--- Directions ---
In the records that follow, count the lines where the string "wedding" appears, and give the count with nothing added.

====================

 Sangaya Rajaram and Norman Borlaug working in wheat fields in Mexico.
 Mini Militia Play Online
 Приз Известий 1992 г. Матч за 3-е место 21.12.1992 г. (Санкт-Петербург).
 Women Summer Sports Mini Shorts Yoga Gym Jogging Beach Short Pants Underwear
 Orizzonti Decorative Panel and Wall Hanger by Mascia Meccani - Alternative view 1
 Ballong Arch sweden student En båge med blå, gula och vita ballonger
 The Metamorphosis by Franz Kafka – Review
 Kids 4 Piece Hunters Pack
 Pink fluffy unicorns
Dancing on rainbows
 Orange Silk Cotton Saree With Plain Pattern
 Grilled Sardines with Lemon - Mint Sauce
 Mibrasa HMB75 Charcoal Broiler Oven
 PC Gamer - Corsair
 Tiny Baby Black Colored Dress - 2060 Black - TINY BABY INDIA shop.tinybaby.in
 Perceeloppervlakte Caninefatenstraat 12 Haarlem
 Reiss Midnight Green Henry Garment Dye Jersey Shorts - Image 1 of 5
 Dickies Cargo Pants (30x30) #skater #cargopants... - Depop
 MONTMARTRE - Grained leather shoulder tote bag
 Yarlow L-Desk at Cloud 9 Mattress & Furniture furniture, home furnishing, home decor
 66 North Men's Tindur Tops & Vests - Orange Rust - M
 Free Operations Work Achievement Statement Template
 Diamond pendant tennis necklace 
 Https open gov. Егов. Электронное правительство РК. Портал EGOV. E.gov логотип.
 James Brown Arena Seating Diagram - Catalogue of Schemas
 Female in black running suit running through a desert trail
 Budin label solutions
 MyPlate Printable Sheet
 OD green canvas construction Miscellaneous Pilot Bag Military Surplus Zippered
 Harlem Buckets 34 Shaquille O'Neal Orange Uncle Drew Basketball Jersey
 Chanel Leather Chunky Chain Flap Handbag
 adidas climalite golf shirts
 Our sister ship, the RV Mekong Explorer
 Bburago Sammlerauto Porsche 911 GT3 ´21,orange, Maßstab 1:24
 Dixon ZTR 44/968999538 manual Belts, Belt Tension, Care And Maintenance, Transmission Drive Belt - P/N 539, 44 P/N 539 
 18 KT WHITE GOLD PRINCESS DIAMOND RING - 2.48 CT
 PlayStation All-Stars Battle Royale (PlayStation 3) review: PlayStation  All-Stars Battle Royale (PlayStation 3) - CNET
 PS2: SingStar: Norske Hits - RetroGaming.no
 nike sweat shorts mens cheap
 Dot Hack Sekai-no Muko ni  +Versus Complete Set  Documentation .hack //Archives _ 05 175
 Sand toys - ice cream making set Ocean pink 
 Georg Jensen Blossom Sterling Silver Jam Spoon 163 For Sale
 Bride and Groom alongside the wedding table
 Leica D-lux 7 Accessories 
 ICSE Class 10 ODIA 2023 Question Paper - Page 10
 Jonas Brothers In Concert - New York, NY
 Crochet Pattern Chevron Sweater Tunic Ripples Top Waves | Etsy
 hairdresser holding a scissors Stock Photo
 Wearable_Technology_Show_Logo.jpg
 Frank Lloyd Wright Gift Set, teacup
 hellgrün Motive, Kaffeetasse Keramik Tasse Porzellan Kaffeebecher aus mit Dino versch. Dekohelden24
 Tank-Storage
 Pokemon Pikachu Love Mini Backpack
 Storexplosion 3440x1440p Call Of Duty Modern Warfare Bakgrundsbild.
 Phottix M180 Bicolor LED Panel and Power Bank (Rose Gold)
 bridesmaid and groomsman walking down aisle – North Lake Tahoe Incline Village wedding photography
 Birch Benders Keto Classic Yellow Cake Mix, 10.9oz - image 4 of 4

====================

--- Solution for this task ---
2